ICD-10 Code D58.9 – Hereditary Hemolytic Anemia, Unspecified (2026): Diagnosis, Symptoms & Billing Guide
2026 ICD-10-CM Diagnosis Code D58.9 – Hereditary hemolytic anemia, unspecified
What it is
D58.9 identifies a hereditary hemolytic anemia when the specific inherited cause is not documented. It means red blood cells break down too early, but the chart does not name a more precise subtype.
Clinical signs
Clinical features vary; refer to documentation. Common findings in hereditary hemolysis include anemia, jaundice, splenomegaly, and a family history of similar disease or lifelong hemolytic episodes.
When to use this code
Use this code when the provider documents a hereditary hemolytic anemia but does not specify the type, such as hereditary spherocytosis or enzyme deficiency. It is also appropriate when records confirm an inherited hemolytic process without a more detailed diagnosis.

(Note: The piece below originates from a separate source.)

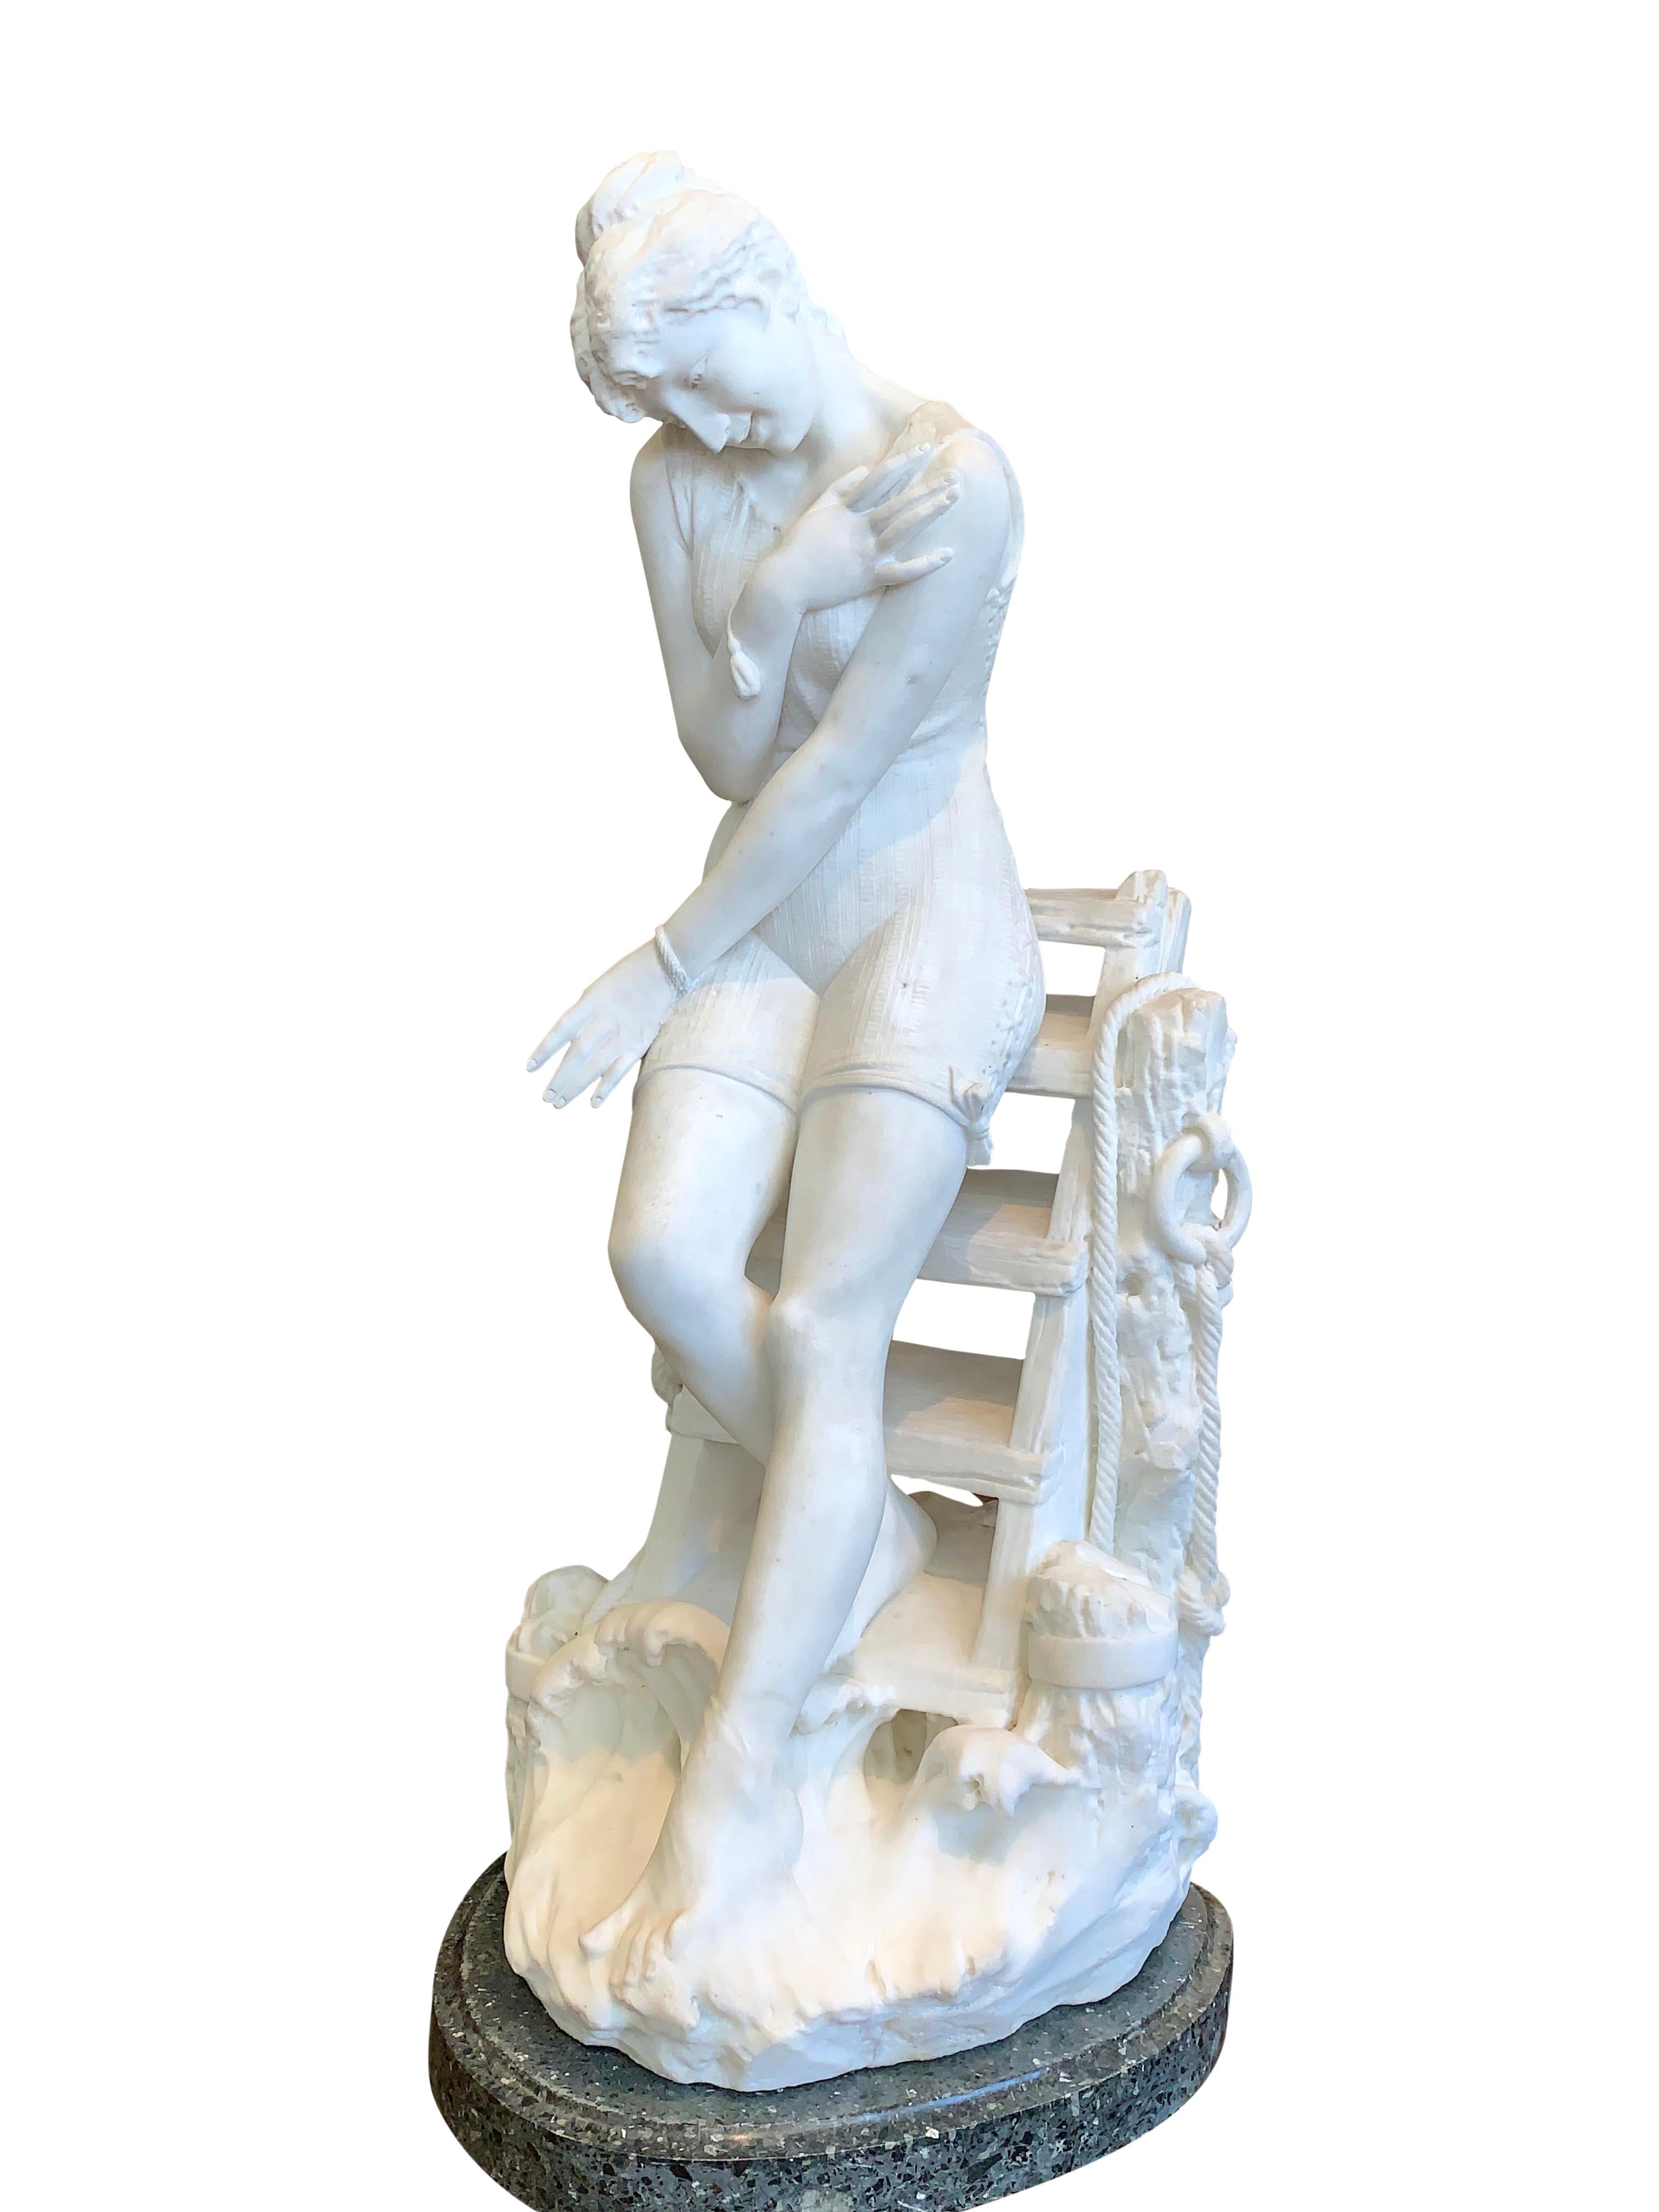 A magnificent large 19th century Italian carved marble figure of a young lady wearing a laced bathing suit, stepping down from an old dock to test the temperature of the water with her toes. Raised on its original green marble pedestal.
By Emilio

Check documentation if the note names a specific hereditary disorder, because a more precise code may apply. Code the unspecified form only when the available record truly lacks detail.
Do not use for
Do not use D58.9 for acquired hemolytic anemia, autoimmune hemolysis, or hemolytic anemia from nonhereditary causes. If the hereditary subtype is stated, code that specific condition instead.
Coding tip
Query the provider when the record says “hereditary hemolytic anemia” but does not identify the exact disorder.